ChatGPT response generation
We generated ChatGPT responses corresponding to the collected questions. We input the combined text in the form of “(question title) (question content)” into untrained ChatGPT. We used questioners’ questions verbatim, without any fine-tuning or additional prompt engineering, and then generated ChatGPT responses in Korean, consistent with the source text. The ChatGPT session was reset for each question after a response was generated. We used GPT-4o because it is known to perform better on multi-language tasks and generates more reliable responses compared to the previous model. 34
Analysis of responses
We analyzed the length of diet-related questions, responses from dietitians, and responses from ChatGPT, as well as the text similarity between ChatGPT's responses and those of dietitians. The length of each text was calculated in two ways: by word count and by token count. To calculate the word count, the text was divided into words based on spaces and special characters. For the token count, each text was tokenized by dividing it into morphemes with Okt, a Korean morphological analyzer. 35 Unlike English, Korean is an agglutinative and ambiguous language; the meaning of a suffix can change depending on the nominal or predicate stem it attaches to. 36 As Korean is different from English, we calculated and compared the similarities between the token sets of dietitian responses and ChatGPT-generated responses in various ways. We used five similarity coefficient metrics, including Dice Coefficient (DC), Jaccard Index (JI), Overlap Coefficient (OC), Cosine Similarity (CS), and Term Frequency-Inverse Document Frequency (TF-IDF).37,38 All measures ranged from 0 to 1, where 1 is the highest similarity and 0 is the lowest similarity between the two texts.

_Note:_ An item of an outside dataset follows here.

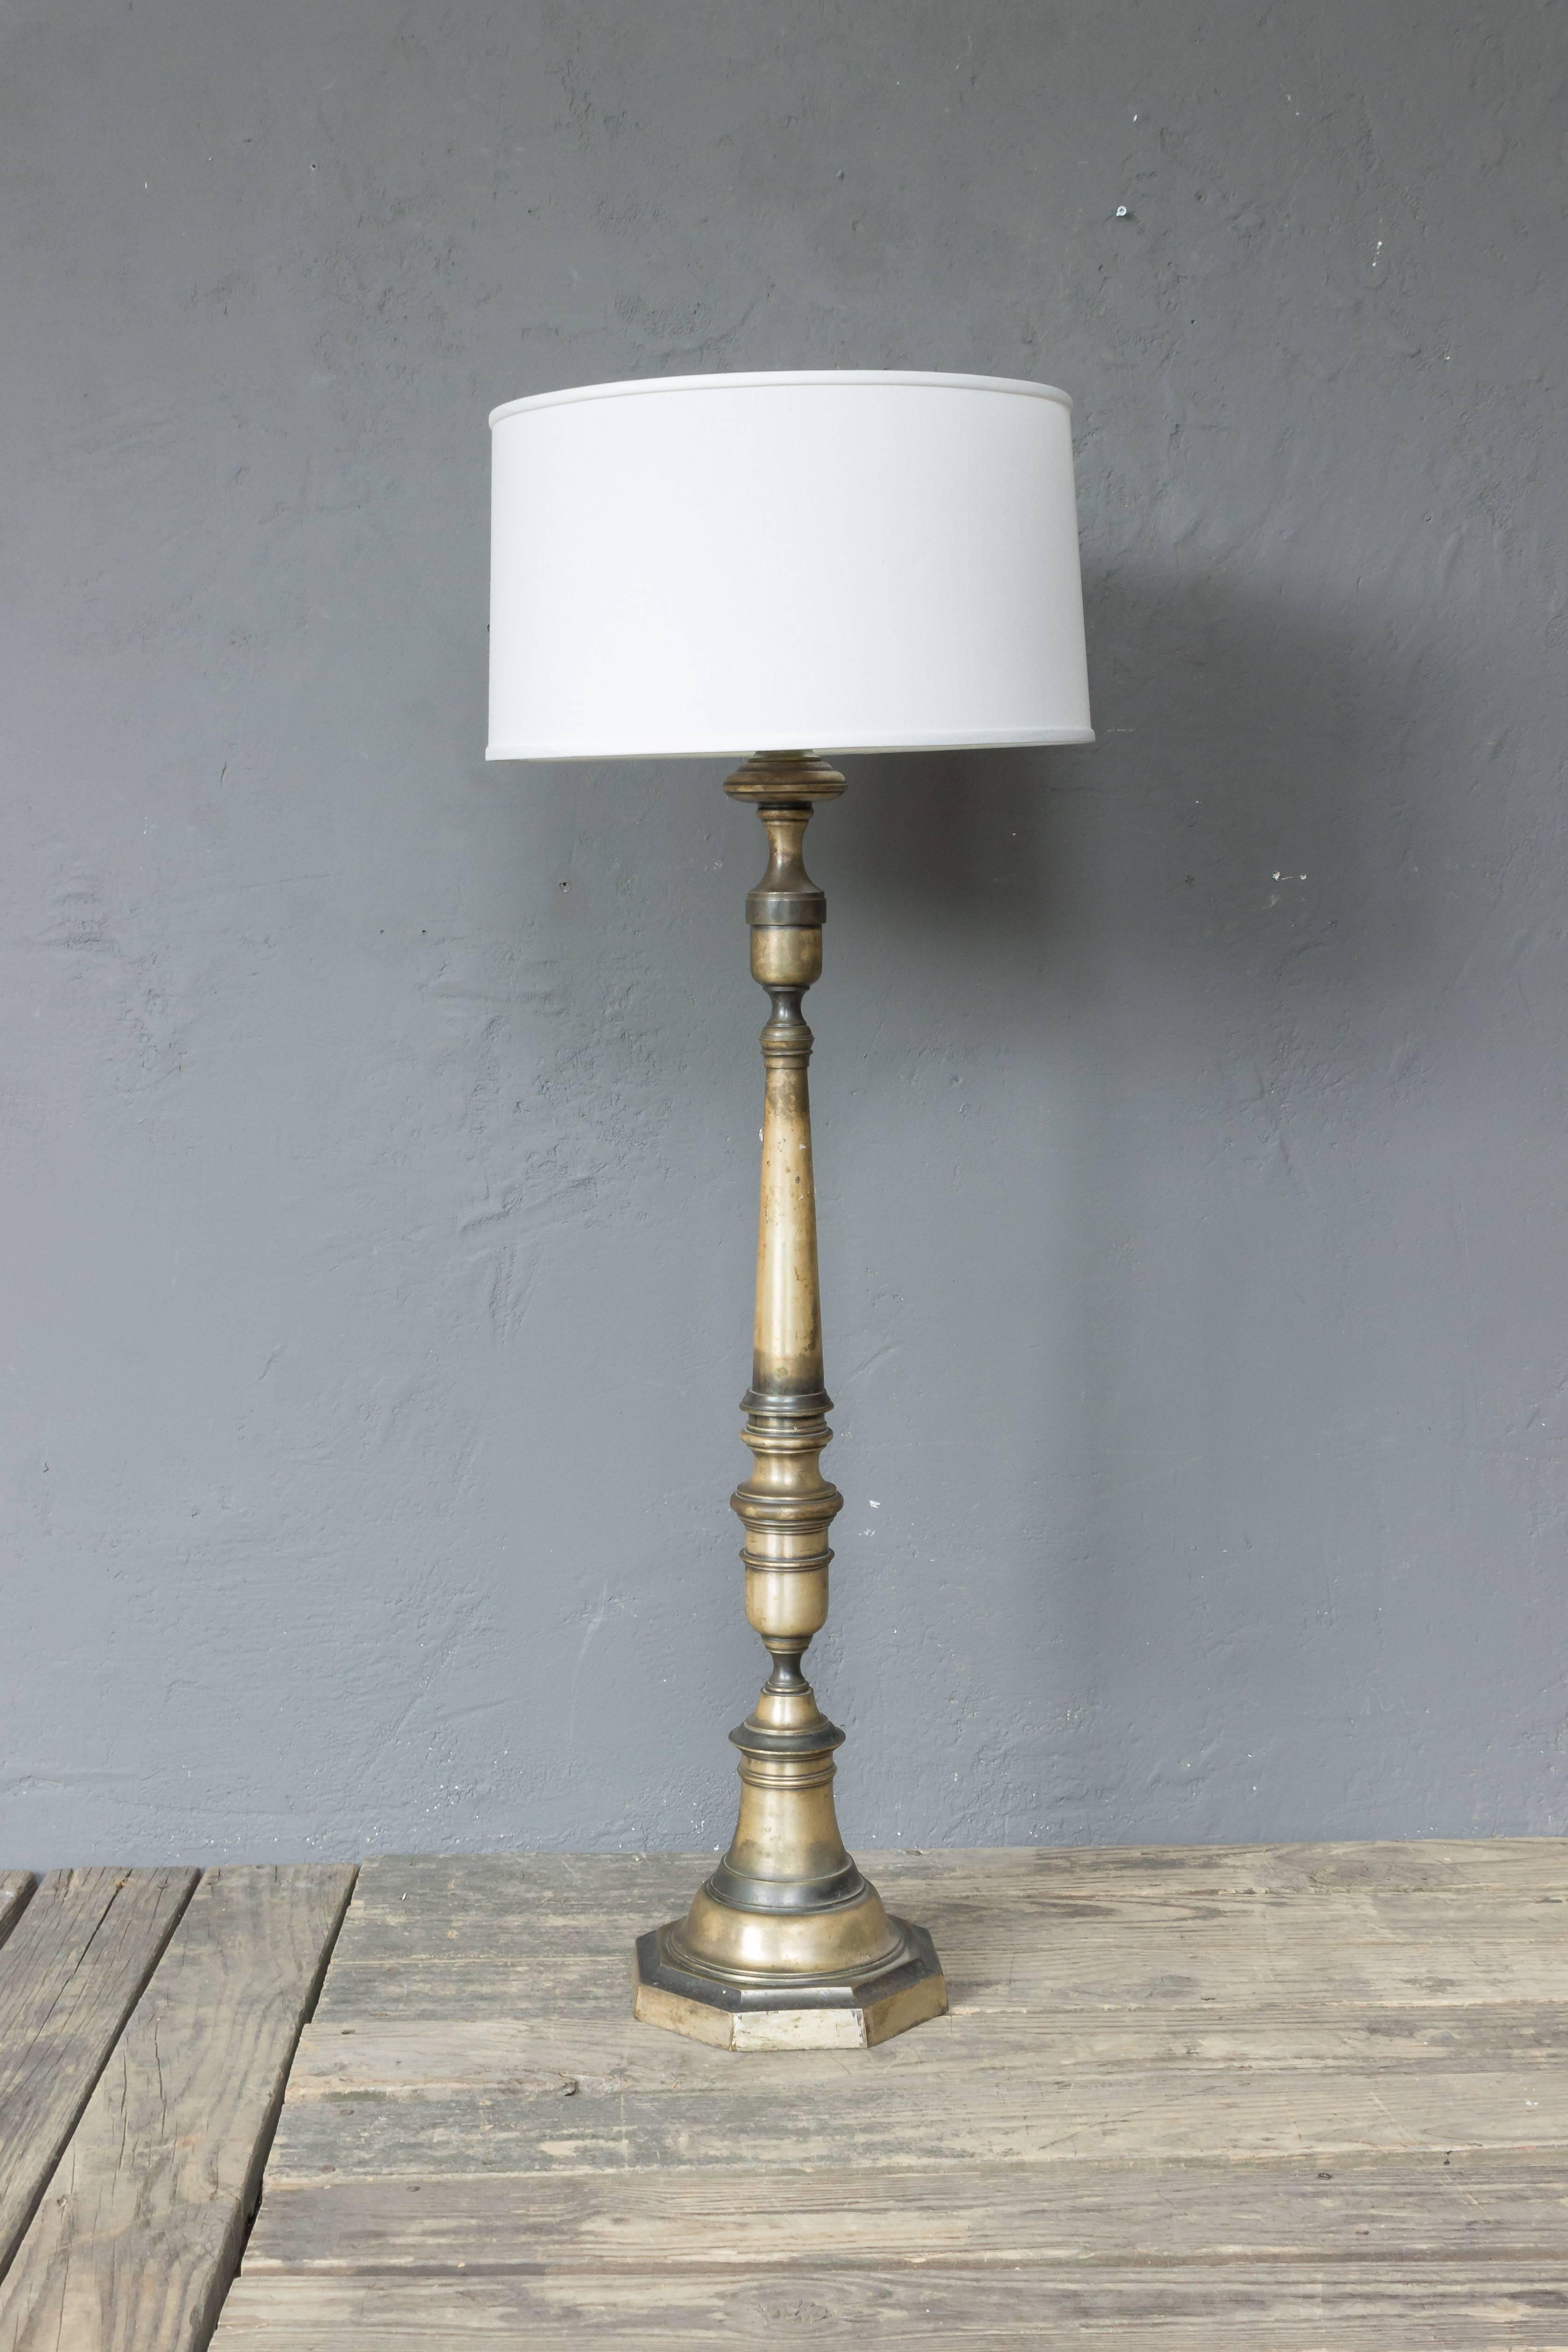 Silvered bronze floor lamp with patinated finish. Silvered bronze floor lamp with patinated finish. Very good quality. French, 1940s. Price includes hand polishing and new wiring. The plating is original and shows tarnishing and wear. The item is

We compared the responses from dietitians with those generated by ChatGPT using paired t-tests, considering the number of tokens and the number of words in responses. The mean, standard deviation, minimum, and maximum values of the five similarity indices were calculated. Based on the arithmetic mean of the five similarity indices, we identified questions with the top 5% (n = 46) and bottom 5% (n = 46) response similarities between dietitians and ChatGPT.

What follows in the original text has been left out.